The answer must be the full data, restated word for word, with no pictures in it.

* _GIVEN MATERIAL_
_ _ _ _
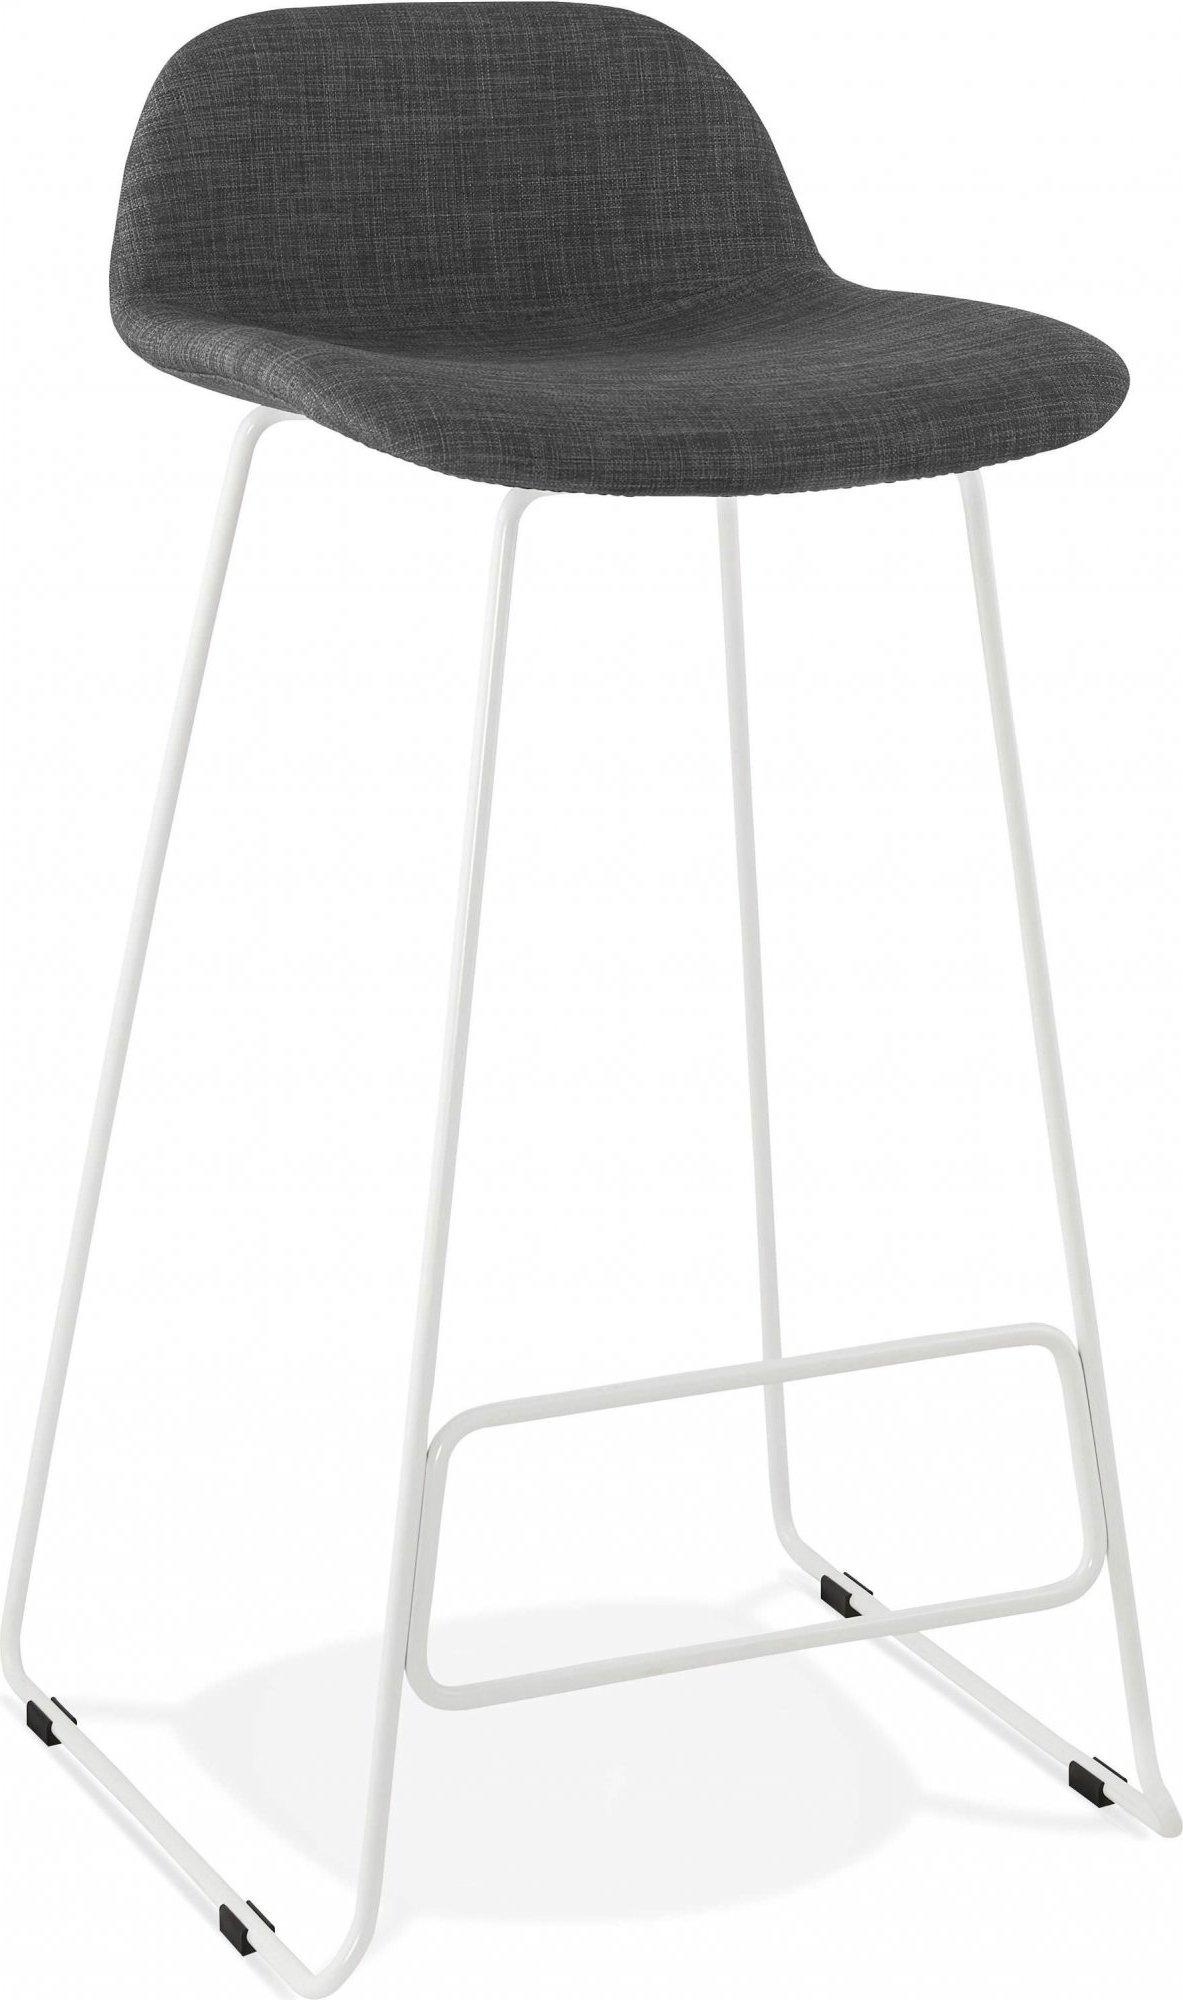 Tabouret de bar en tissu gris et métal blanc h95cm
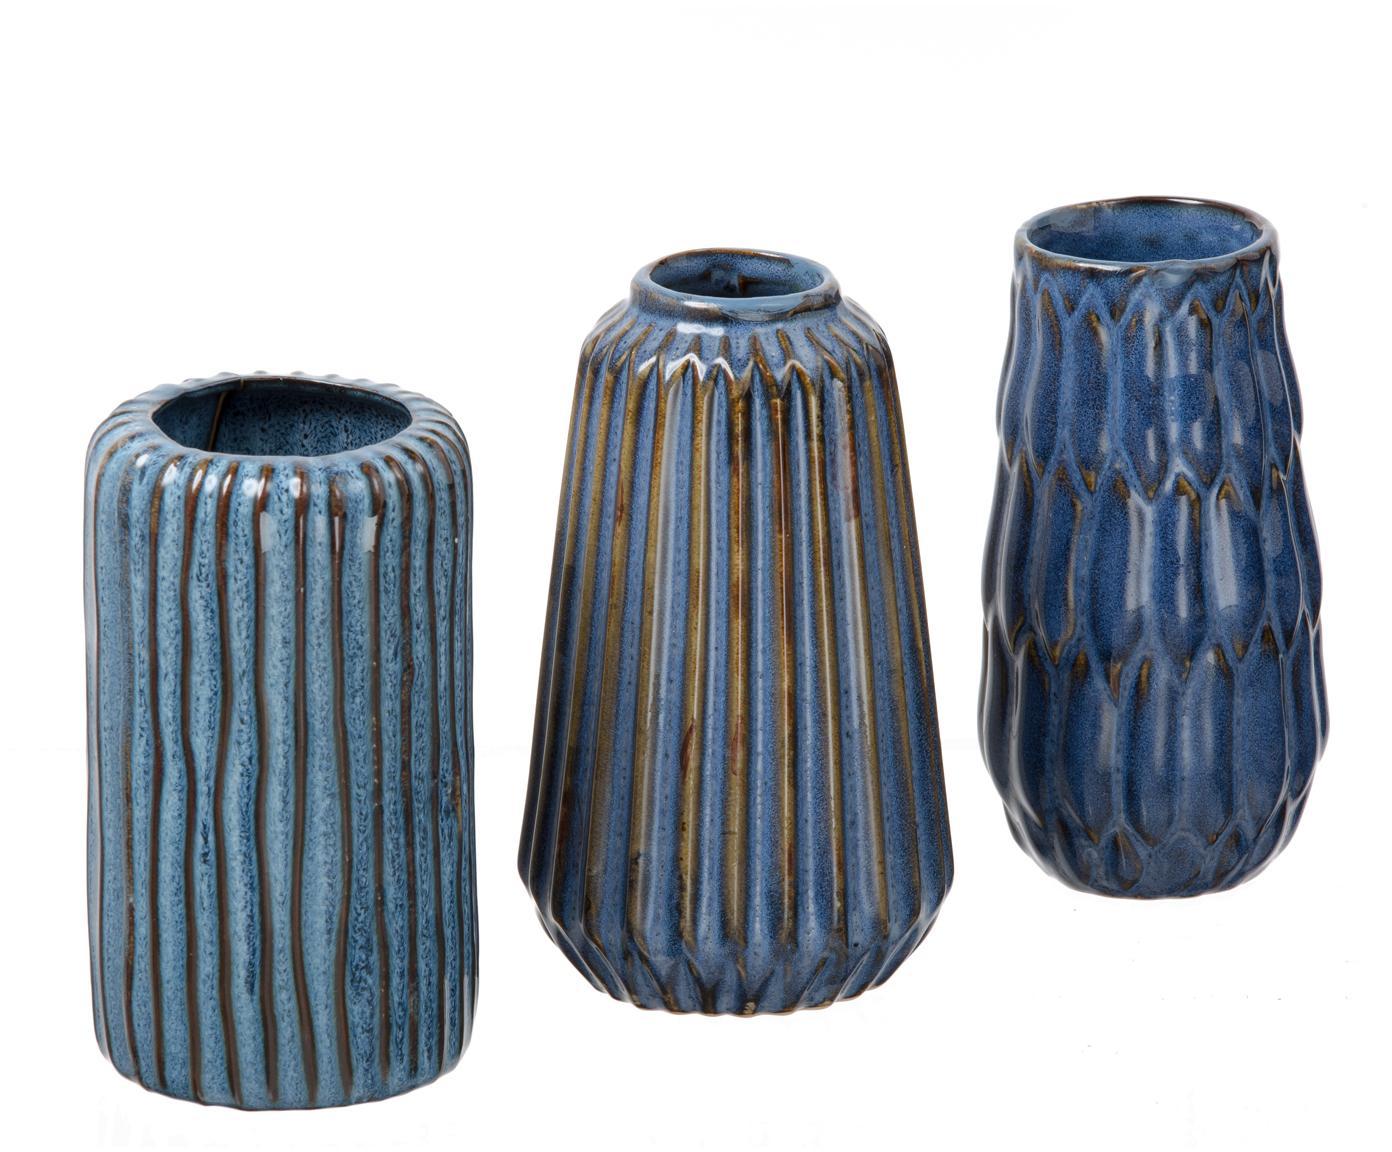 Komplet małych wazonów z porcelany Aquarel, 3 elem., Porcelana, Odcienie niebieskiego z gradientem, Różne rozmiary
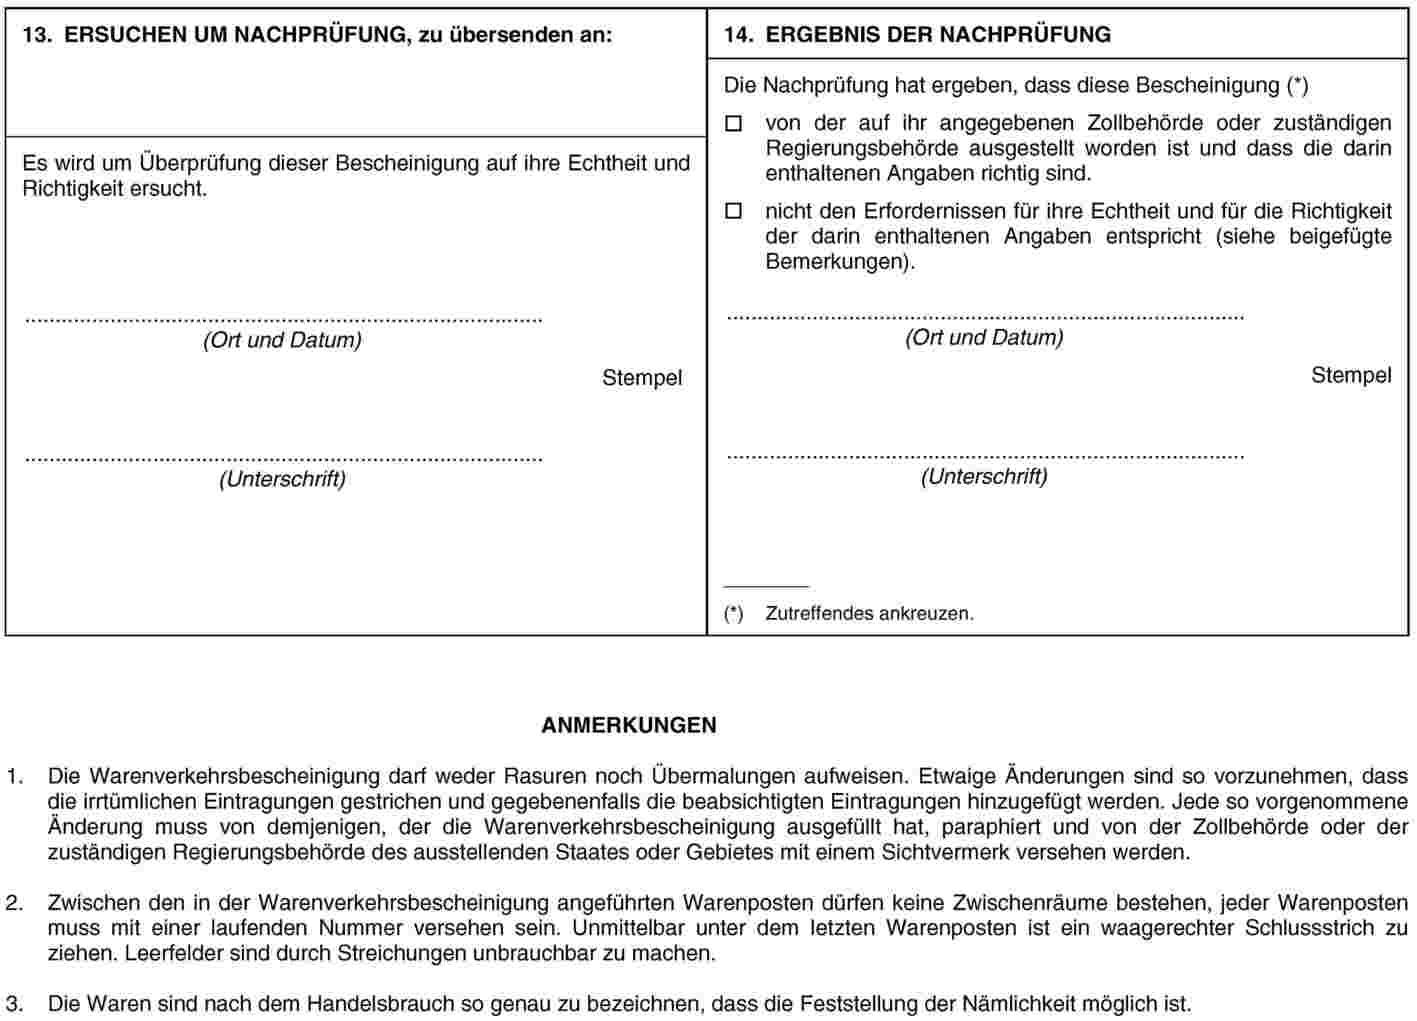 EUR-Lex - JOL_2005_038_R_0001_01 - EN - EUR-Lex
_ _ _ _
* _SOLUTION FOR THIS TASK_
 Tabouret de bar en tissu gris et métal blanc h95cm
 Komplet małych wazonów z porcelany Aquarel, 3 elem., Porcelana, Odcienie niebieskiego z gradientem, Różne rozmiary
 EUR-Lex - JOL_2005_038_R_0001_01 - EN - EUR-Lex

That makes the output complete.